PROBLEM TO WORK ON
Copy all lines of the listing that include the string "Jeans".

-- MATERIAL PROVIDED follows --

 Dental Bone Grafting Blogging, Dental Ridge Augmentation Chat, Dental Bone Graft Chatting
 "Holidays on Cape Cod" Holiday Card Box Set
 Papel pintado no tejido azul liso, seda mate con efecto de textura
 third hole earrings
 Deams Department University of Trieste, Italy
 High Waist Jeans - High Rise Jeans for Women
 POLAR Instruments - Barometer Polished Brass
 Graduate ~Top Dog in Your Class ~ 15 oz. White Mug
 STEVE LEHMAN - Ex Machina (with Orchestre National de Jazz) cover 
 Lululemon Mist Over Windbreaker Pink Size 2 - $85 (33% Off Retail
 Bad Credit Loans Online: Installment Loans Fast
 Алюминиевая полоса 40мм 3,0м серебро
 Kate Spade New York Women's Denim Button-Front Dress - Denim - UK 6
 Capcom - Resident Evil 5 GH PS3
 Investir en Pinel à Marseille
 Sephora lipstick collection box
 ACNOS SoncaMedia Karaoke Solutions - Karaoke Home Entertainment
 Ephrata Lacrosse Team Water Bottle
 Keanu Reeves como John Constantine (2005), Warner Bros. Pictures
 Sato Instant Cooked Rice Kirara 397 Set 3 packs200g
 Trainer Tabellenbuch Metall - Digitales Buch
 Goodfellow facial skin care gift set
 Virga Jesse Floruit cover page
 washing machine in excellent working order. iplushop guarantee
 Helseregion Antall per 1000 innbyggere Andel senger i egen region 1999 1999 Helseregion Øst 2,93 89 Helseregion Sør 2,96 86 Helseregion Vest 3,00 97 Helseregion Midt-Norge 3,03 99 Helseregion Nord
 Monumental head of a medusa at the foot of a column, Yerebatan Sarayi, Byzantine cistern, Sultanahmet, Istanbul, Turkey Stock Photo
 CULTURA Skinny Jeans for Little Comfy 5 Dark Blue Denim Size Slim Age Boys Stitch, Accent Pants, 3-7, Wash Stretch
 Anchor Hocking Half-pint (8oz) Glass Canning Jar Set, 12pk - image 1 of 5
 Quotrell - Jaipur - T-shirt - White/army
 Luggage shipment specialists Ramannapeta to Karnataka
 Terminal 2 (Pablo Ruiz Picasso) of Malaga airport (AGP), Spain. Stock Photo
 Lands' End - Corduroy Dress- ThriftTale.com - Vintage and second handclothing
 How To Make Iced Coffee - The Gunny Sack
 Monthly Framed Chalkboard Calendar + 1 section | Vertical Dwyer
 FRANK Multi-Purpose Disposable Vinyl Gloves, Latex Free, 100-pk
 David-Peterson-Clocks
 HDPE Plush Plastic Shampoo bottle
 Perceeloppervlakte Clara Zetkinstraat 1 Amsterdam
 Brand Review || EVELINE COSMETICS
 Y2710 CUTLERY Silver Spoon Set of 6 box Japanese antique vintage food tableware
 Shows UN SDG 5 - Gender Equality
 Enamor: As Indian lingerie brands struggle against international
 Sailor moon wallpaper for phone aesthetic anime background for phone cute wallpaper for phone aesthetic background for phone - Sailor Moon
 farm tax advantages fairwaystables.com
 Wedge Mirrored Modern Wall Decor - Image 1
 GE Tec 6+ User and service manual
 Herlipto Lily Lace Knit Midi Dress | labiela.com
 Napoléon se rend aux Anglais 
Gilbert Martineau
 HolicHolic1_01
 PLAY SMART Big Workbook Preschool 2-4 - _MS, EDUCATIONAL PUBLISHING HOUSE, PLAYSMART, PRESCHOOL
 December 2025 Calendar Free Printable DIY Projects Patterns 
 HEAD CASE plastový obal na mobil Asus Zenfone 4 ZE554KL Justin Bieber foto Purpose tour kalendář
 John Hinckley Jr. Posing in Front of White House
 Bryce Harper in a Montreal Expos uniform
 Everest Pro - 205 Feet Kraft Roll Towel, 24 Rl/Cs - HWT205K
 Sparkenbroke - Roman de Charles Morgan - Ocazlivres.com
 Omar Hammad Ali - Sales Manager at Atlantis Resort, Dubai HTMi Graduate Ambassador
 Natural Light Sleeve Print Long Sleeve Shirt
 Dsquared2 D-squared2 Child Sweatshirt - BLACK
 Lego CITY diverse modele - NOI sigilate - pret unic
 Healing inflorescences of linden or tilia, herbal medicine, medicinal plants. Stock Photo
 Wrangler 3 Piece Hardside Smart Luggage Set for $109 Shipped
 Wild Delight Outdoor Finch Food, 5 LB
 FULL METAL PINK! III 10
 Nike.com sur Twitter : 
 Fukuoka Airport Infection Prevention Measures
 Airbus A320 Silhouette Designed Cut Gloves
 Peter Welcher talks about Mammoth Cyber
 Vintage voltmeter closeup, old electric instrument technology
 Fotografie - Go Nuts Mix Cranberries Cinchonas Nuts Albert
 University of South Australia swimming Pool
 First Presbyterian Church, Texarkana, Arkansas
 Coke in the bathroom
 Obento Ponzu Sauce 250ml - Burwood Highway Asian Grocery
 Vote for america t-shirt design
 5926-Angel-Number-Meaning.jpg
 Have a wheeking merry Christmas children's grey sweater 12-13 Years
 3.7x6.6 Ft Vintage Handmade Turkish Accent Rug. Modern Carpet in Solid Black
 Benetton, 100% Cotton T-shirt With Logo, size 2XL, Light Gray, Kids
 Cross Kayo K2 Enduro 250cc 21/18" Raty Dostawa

-- MATERIAL PROVIDED concluded --

ANSWER SECTION
 High Waist Jeans - High Rise Jeans for Women
 CULTURA Skinny Jeans for Little Comfy 5 Dark Blue Denim Size Slim Age Boys Stitch, Accent Pants, 3-7, Wash Stretch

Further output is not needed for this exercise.